Reproduce, from the lines below, exactly the stretch that begins at the line containing "books-1655783_1920_web" and ends at the line containing "The best ever", both included.

--- START ---

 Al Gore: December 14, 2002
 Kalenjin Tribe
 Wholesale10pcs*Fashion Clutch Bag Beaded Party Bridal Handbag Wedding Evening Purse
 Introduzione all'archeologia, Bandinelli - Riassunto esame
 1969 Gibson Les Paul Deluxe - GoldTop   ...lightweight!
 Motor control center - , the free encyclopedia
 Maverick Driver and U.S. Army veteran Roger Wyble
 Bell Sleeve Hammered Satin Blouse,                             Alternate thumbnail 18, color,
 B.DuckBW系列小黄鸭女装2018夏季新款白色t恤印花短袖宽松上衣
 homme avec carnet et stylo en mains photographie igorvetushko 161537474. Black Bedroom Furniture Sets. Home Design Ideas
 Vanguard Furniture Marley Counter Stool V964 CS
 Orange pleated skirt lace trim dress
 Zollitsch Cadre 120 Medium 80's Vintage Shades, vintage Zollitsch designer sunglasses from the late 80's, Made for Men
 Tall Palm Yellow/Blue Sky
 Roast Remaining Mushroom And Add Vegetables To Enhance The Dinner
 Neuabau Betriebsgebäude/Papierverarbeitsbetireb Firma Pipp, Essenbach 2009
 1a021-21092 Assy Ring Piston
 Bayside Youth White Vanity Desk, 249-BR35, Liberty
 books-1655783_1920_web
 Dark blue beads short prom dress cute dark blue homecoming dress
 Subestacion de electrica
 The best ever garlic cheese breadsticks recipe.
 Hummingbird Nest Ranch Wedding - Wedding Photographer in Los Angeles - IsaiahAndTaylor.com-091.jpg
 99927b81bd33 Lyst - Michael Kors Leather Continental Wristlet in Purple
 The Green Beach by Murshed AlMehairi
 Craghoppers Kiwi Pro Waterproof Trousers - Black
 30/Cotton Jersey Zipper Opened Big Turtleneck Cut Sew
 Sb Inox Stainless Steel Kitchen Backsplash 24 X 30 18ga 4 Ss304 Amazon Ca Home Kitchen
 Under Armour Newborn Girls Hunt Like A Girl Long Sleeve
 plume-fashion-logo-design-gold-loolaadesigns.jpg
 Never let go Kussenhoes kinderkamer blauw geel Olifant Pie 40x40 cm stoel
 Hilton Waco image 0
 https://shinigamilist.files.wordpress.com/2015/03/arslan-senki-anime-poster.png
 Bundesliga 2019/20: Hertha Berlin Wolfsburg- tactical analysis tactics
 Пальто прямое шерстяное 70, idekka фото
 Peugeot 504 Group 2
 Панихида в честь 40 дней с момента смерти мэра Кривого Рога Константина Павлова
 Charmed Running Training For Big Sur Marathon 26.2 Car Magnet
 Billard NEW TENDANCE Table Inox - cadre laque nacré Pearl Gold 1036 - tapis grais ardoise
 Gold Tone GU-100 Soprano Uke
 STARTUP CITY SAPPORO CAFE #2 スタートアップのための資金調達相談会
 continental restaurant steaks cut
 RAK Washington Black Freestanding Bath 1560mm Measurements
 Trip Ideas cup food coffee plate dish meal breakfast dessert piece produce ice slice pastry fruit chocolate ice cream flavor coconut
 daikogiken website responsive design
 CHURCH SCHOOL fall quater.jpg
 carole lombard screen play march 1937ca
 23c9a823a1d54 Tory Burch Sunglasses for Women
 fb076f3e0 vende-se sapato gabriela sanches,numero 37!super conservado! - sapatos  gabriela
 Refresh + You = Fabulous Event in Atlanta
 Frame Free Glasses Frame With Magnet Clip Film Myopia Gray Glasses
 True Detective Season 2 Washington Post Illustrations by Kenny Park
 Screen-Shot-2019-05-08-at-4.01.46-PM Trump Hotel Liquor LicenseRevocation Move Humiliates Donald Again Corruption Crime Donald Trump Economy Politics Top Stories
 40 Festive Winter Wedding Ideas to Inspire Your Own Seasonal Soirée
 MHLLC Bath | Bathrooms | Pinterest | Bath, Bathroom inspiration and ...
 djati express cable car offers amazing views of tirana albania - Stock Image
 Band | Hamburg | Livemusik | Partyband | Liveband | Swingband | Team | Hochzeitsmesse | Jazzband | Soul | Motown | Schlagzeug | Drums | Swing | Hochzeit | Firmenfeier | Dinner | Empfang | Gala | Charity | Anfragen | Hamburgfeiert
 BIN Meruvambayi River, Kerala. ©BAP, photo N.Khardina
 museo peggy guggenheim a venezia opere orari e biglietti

--- END ---

* **Response to this exercise**
 books-1655783_1920_web
 Dark blue beads short prom dress cute dark blue homecoming dress
 Subestacion de electrica
 The best ever garlic cheese breadsticks recipe.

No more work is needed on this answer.